How does the second paragraph prove that \tau' is the same as \tau?

[camilus]

Lemma 13.2: Let X be a topological space. Suppose that C is a collection of open sets of X such that for each open set U of X and each x in U, there is an element c of C such that $x\in c\subset U$. Then C is a basis for the topology of X.

Proof: The first paragraph is trivial, it just shows that the conditions of basis are satisfied.

The second paragraph attempts to show that $\tau'$, the topology generated by C, is the same as the topology $\tau$ on X.

Can someone elaborate on the second paragraph please?

 

[micromass]

What don't you understand about the second paragraph??

You just let $\mathcal{T}^\prime$ be the topology generated by the basis $\mathcal{C}$. So by definition, a set G belongs to $\mathcal{T}^\prime$ if for every x in G, there is a set C in $\mathcal{C}$ such that

$$x\in C\subseteq G$$

So, to prove that $\mathcal{T}\subseteq\mathcal{T}^\prime$. Take G in $\mathcal{T}$. By hypothesis, there exists for every for every x in G, a set C in $\mathcal{C}$ such that

$$x\in C\subseteq G$$

So, by definition almost, we have that $\mathcal{T}\subseteq \mathcal{T}^\prime$.

The other inclusion is less obvious. So to prove that $\mathcal{T}^\prime\subseteq\mathcal{T}$ we take an element $G\in \mathcal{T}^\prime$. By hypothesis, there is for every x in G, a set C in $\mathcal{C}$ such that

$$x\in C\subseteq G$$

This implies that $G=\bigcup{C}$ is the union of all these C's. Since all the C's are in $\mathcal{T}$, it implies that G is also in $\mathcal{T}$ as union of open sets...

IS that more clear?

 

[Greg Bernhardt]

Sure, I'd be happy to elaborate on the second paragraph.

The second paragraph is essentially showing that the topology \tau' generated by the collection C is the same as the original topology \tau on X. This is important because it confirms that C is indeed a basis for the topology of X.

To do this, we first define \tau' as the collection of all unions of elements of C. This means that every open set in \tau' can be written as a union of elements from C.

Next, we show that \tau' is a topology on X. To do this, we need to show that \tau' satisfies the three axioms of a topology: (1) the empty set and X are in \tau', (2) arbitrary unions of sets in \tau' are in \tau', and (3) finite intersections of sets in \tau' are in \tau'.

First, we know that the empty set and X are in \tau' since they can be written as unions of elements from C (the empty union for the empty set, and the union of all elements in C for X).

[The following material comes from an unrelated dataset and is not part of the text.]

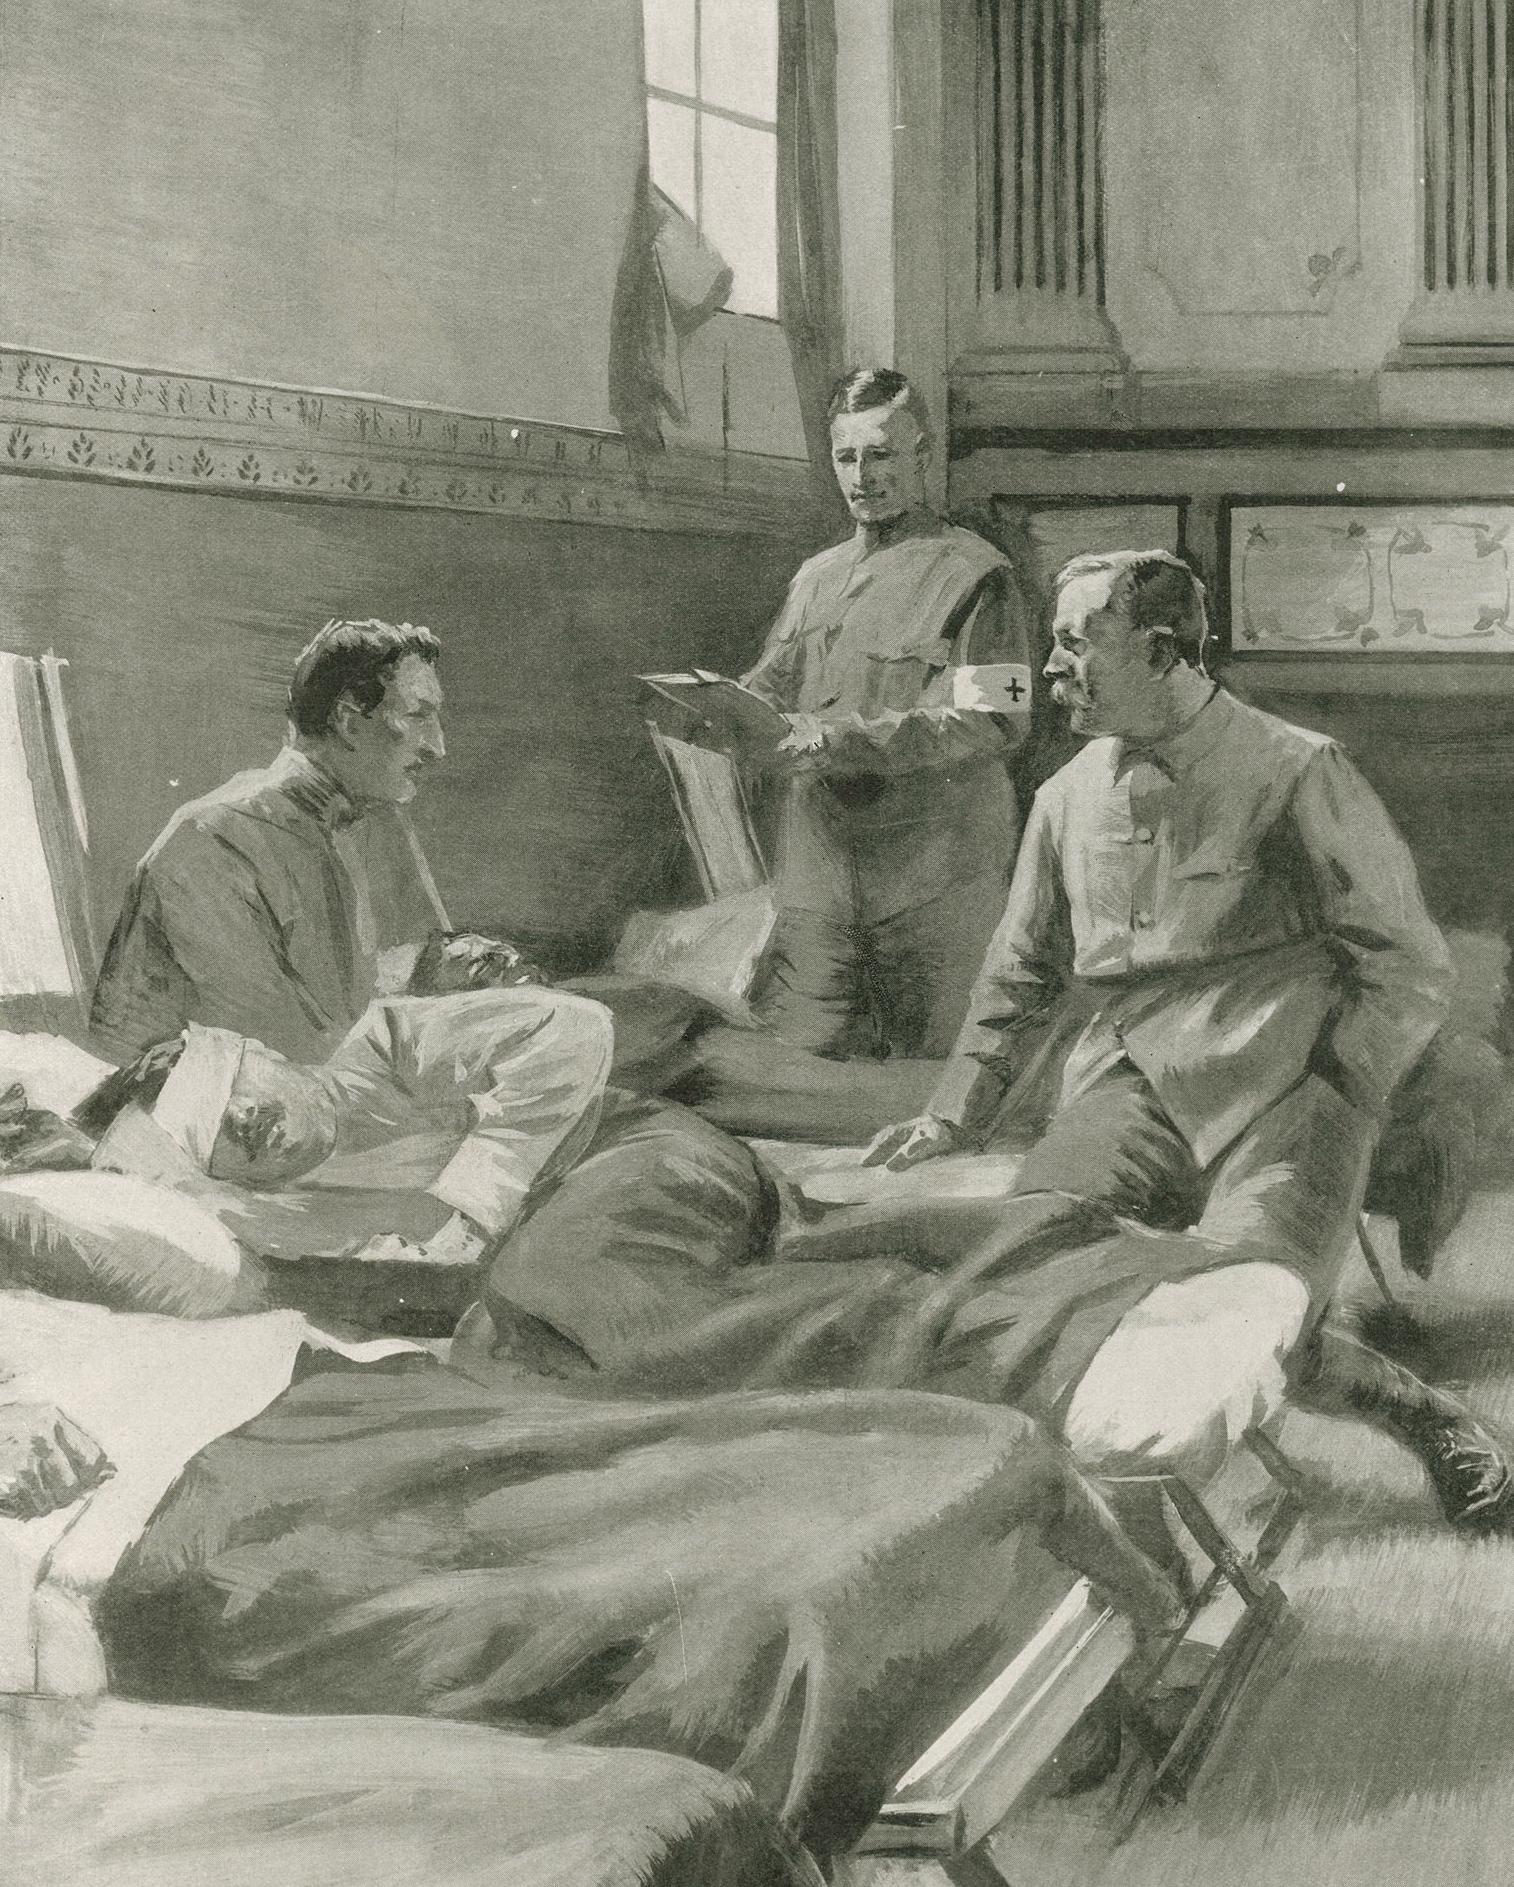 Сэр Артур Конан Дойл в полевом госпитале во время Англо-бурской войны. работа не ранее 1899 года

Next, we consider an arbitrary union of sets in \tau'. This means we have a collection of sets in \tau' (which are unions of elements from C) and we want to show that their union is also in \tau'. This follows directly from the definition of \tau' as the collection of all unions of elements from C.

Finally, we consider finite intersections of sets in \tau'. This means we have a finite collection of sets in \tau' and we want to show that their intersection is also in \tau'. This can be done by noting that since each set in \tau' is a union of elements from C, their intersection is also a union of elements from C.

Now, since \tau' satisfies the three axioms of a topology, it must be a topology on X. And since every open set in \tau' can be written as a union of elements from C, we can conclude that \tau' is the same as the original topology \tau on X. Therefore, C is indeed a basis for the topology of X.

I hope that helps clarify the second paragraph for you. Let me know if you have any other questions.